I smiled at Jasmine, so young and vibrant, and made a silent heartfelt wish; that nothing changed. That she’d be there to stay the course.
Chapter 16
I loved going to London. In the normal scheme of things, anyway. I loved going to London for all the reasons anyone would. For the musicals. The shopping. The history and culture. For the palaces and parks. The sumptuous hotels. For the sheer exuberant bigness of it all.

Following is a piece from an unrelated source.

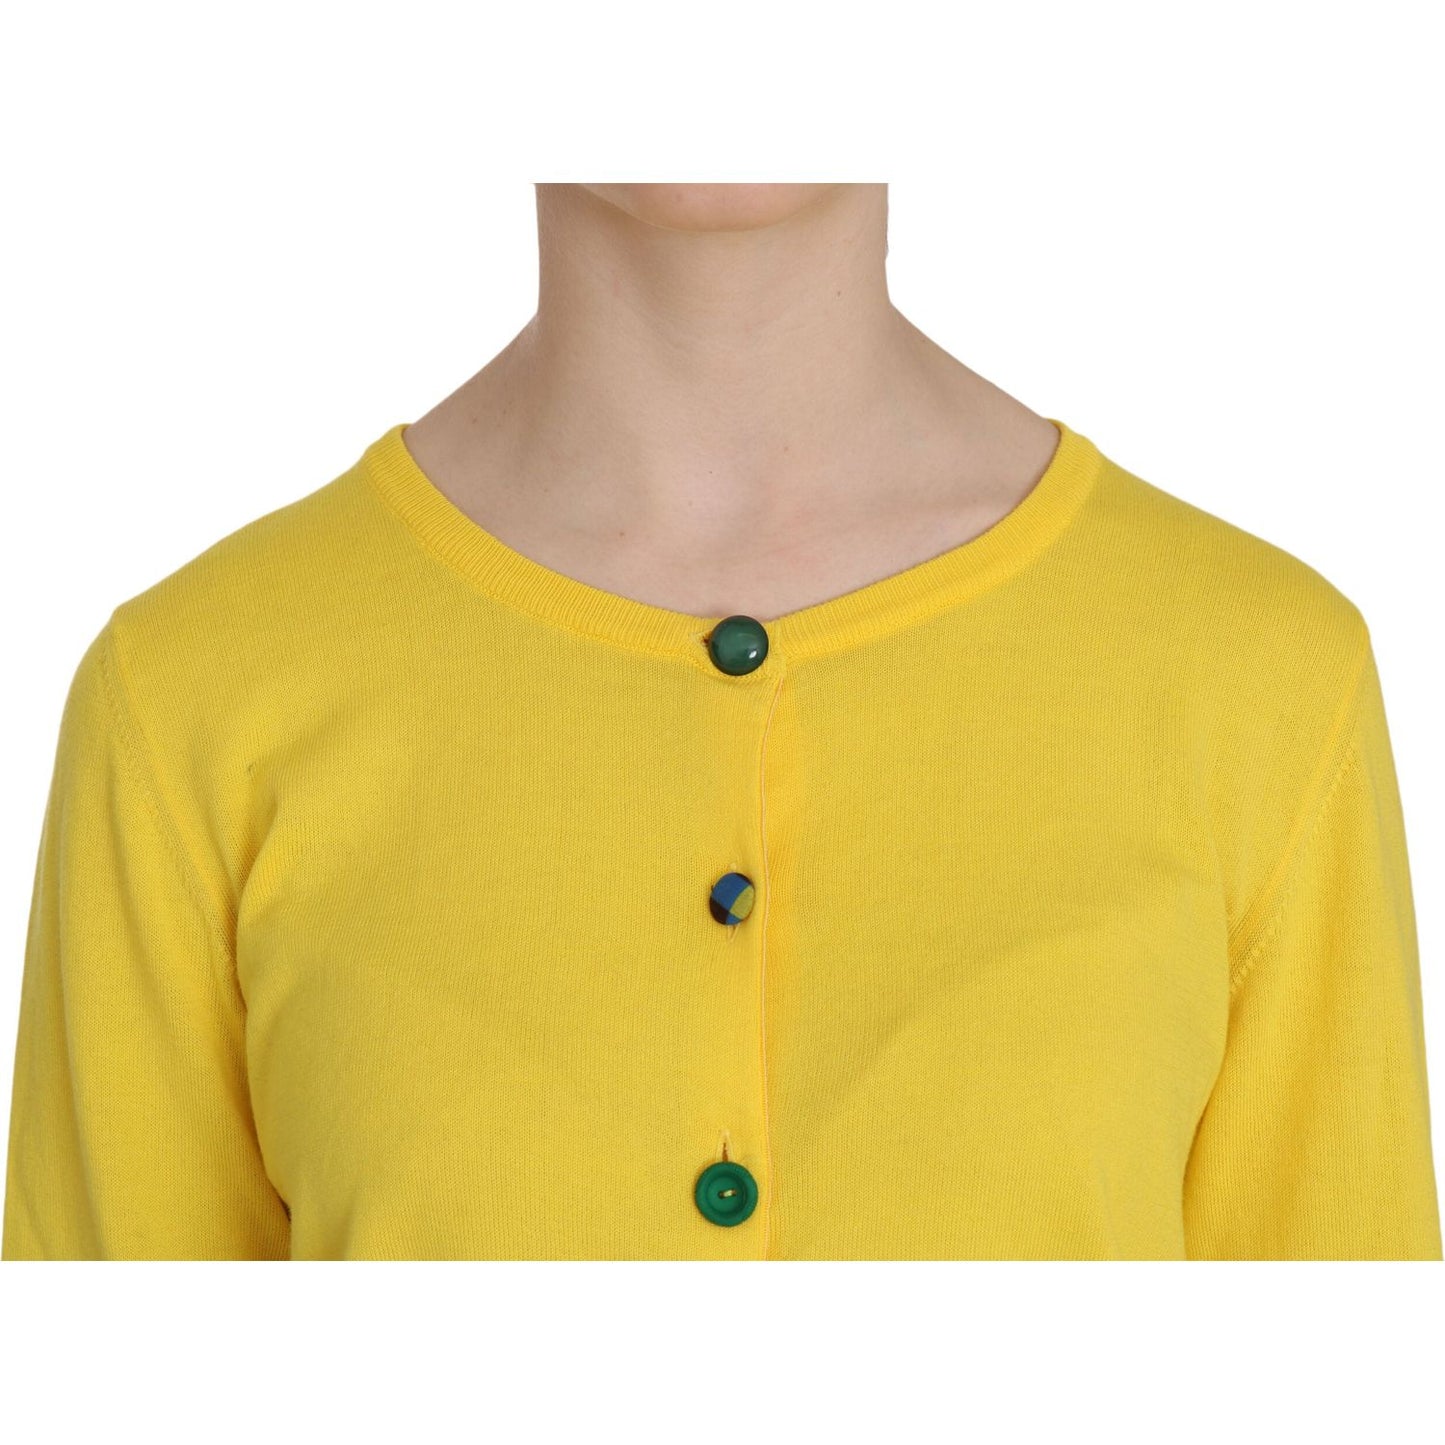 Jucca Radiant Yellow Cotton Sweater yellow-cotton-buttonfront-long-sleeve-sweater IMG_0021-scaled-df2836ad-c9e.jpg
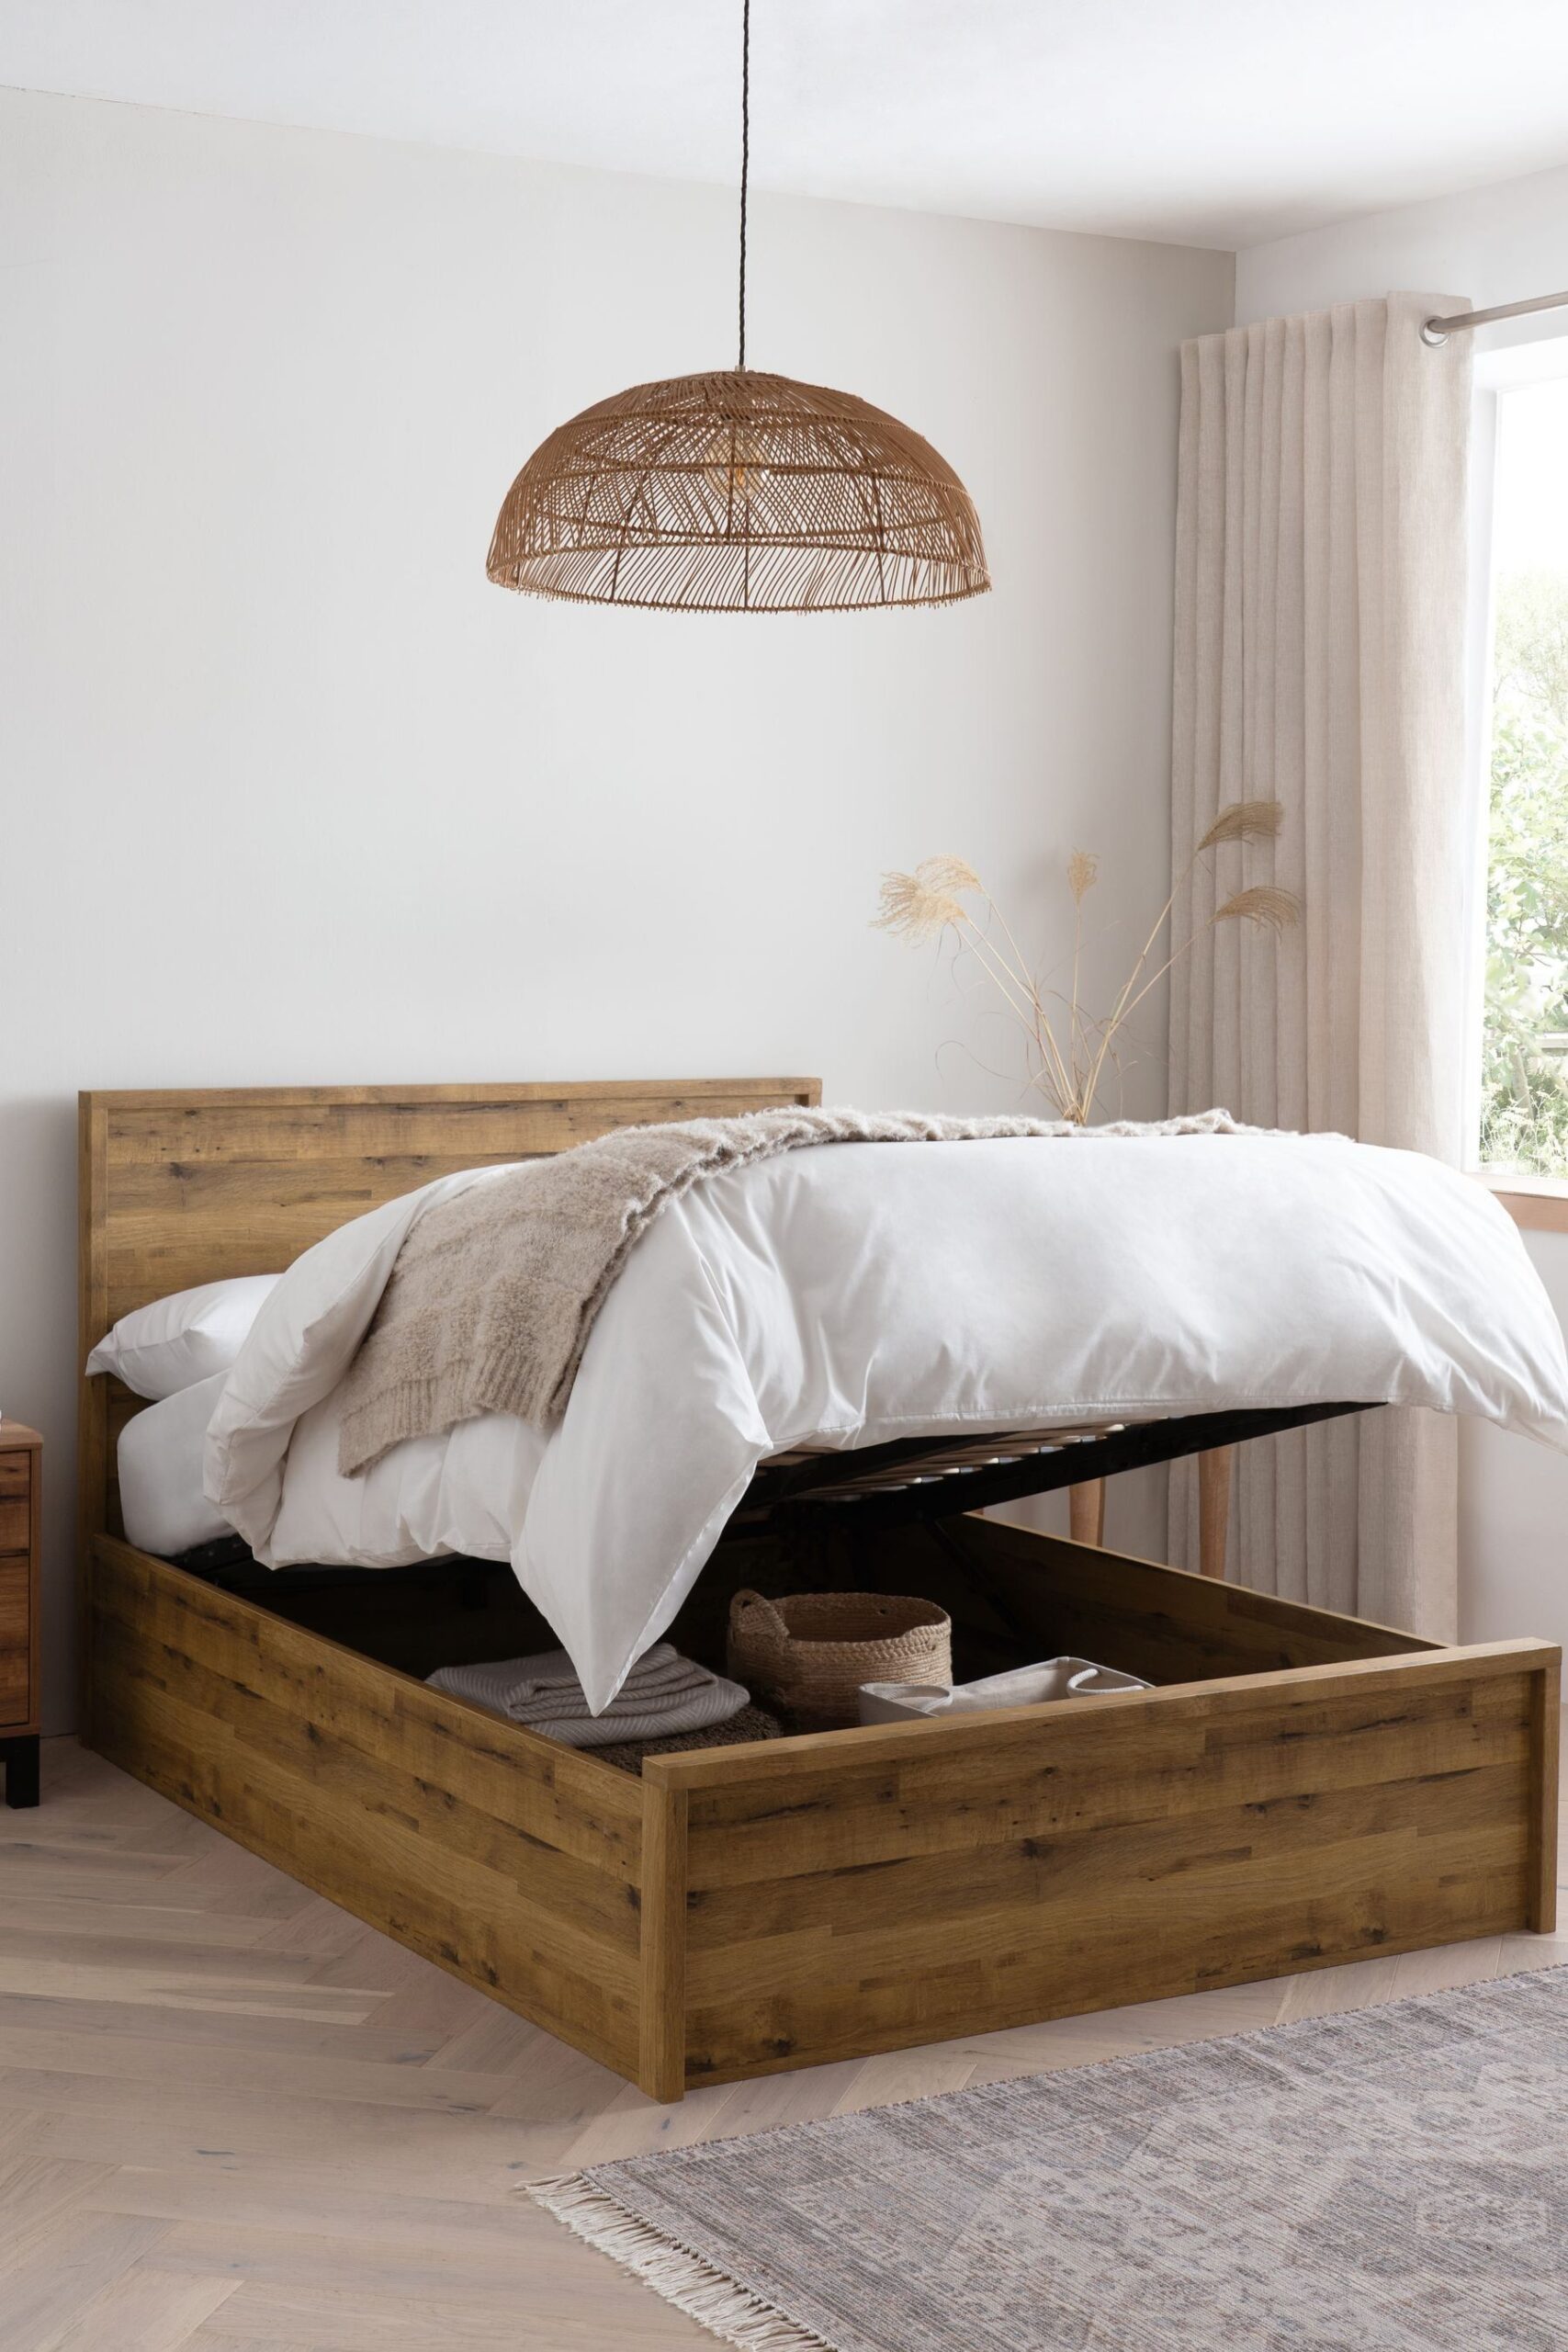 Wooden King Size Bed With Storage : Elegant Wooden King Size Bed With Storage for a Cozy Bedroom Retreat

On the other hand, more often than not, while I was on my way to London, I didn’t love going to London at all. First, it was a very long way away, so the drive there seemed interminable. Second, the rail prices were enough to make your hair stand on end, unless you booked six months in advance, when there was a full moon in Neptune and did not, under any circumstances, miss your allocated train, on pain of paying an excess fare that could probably buy a small car. (No wonder Adrianna had always been so wedded to the humble coach.) Third, though the idea of flying there seemed exotic, there was just this thing I had – as with pulling out my mum’s posh cups and saucers – that it was something that seemed, well, bizarre.
‘And besides,’ Mike had pointed out when we’d pondered our options, ‘London’s so big that by the time we’d found some way from whichever airport to wherever the place we needed to be was, we’d have been better off driving in the first place.’